Прижимая к груди свои два обретенных альбома для стихов – Марусин кожаный, темно-красный, мой – малиновый, плюшевый, мы бродили, счастливые, между взрослых.
– Твоя мама чудесно играет, – сказал Кобылянский Мусе, – я давно не слышал подобной игры!
Как удержалась Марина сказать, что она тоже играет? Что она будет музыкантом?
Лёру просят петь. Мама перелистывает ноты. Доктор Белозерский берет мандолину. Море шумит. Первое Рождество на чужбине!
Чужбина! Счастье и горе ее…
Мамино здоровье поправлялось. Манджини торжествовал. Сыворотка Маральяно спасла еще одного. Лечение Сережи и Нади было начато. Сыворотка – и молодость… Только один Рёвер был худ и бледен, глаза неестественно ярки. Ривьера, делавшая чудеса, медлила. А он ли ее не любил! Не его ли – в Мусин альбом – было по-немецки написанное стихотворение, воспевавшее райскую красоту морских берегов, синюю эмаль неба, зелень кипарисов и пальм? Описание было в вопросительной форме (о, где такое возможно?) и в конце строфы содержало ответ, торжественно-восхищенный: “Das kann ja nur die Riviera sein!”[18] К ней он стремился с начала болезни, задлившейся. Для пути и лечения там родители его долго собирали пфенниг за пфеннигом, марку за маркой… И вот он, бедный немецкий служащий, – на Ривьере!.. Ступать по этой чужеземной драгоценной земле уже было блаженство! Одна картина табльдота была – роскошью! И была в Рёвере застенчивая скромность: не ставить себя в ряд с другими, не требовать себе быстрого исцеления от этой целящей природы. Он только благоговел перед ней, исходил улыбками и поклонами – не одним нам, детям, а каждому встречному – брату по общей судьбе дышать этим воздухом, жить в прославленной веками Италии… И не было в нем даже того, тоже скромного, но все же себя оценивающего достоинства, которое дышало вокруг внимательного к нашей семье архитектора Арнольда: за Арнольдом было прошлое, его архитектура, его уже не юношеский возраст. У Рёвера не было возраста: он был – как ребенок, почтительный ко всему и всему радующийся.
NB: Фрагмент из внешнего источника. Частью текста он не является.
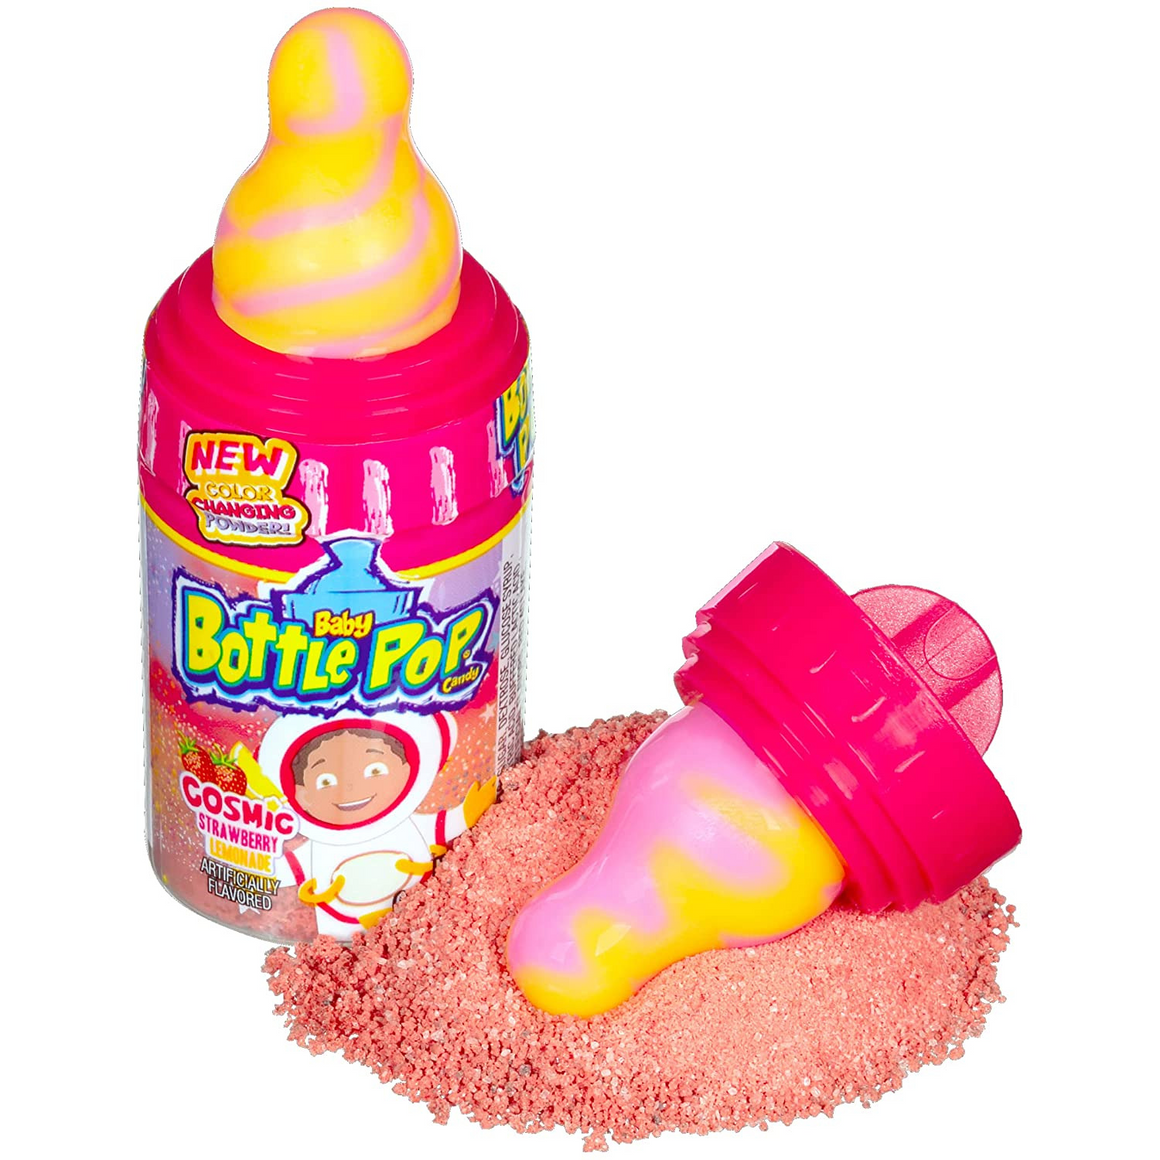 All City Candy Baby Bottle Pops Candy 1.1 oz. - Case of 18 Novelty Bazooka Candy Brands For fresh candy and great service, visit www.allcitycandy.com

И казалось, не было у него и прошлого – может быть, потому, что оно было так скромно (тихие, каких миллионы, родительские сени и конторка клерка); он весь был – в будущем, в том, куда, через идущее здоровье, через Ривьеру, распахнется жизнь. И была в нем такая внимательность ко всем. Этот тихий восторг не гас в нем ни на минуту; он озарял его день так, как озарен бывает день именин ребенка, свадебный день человека.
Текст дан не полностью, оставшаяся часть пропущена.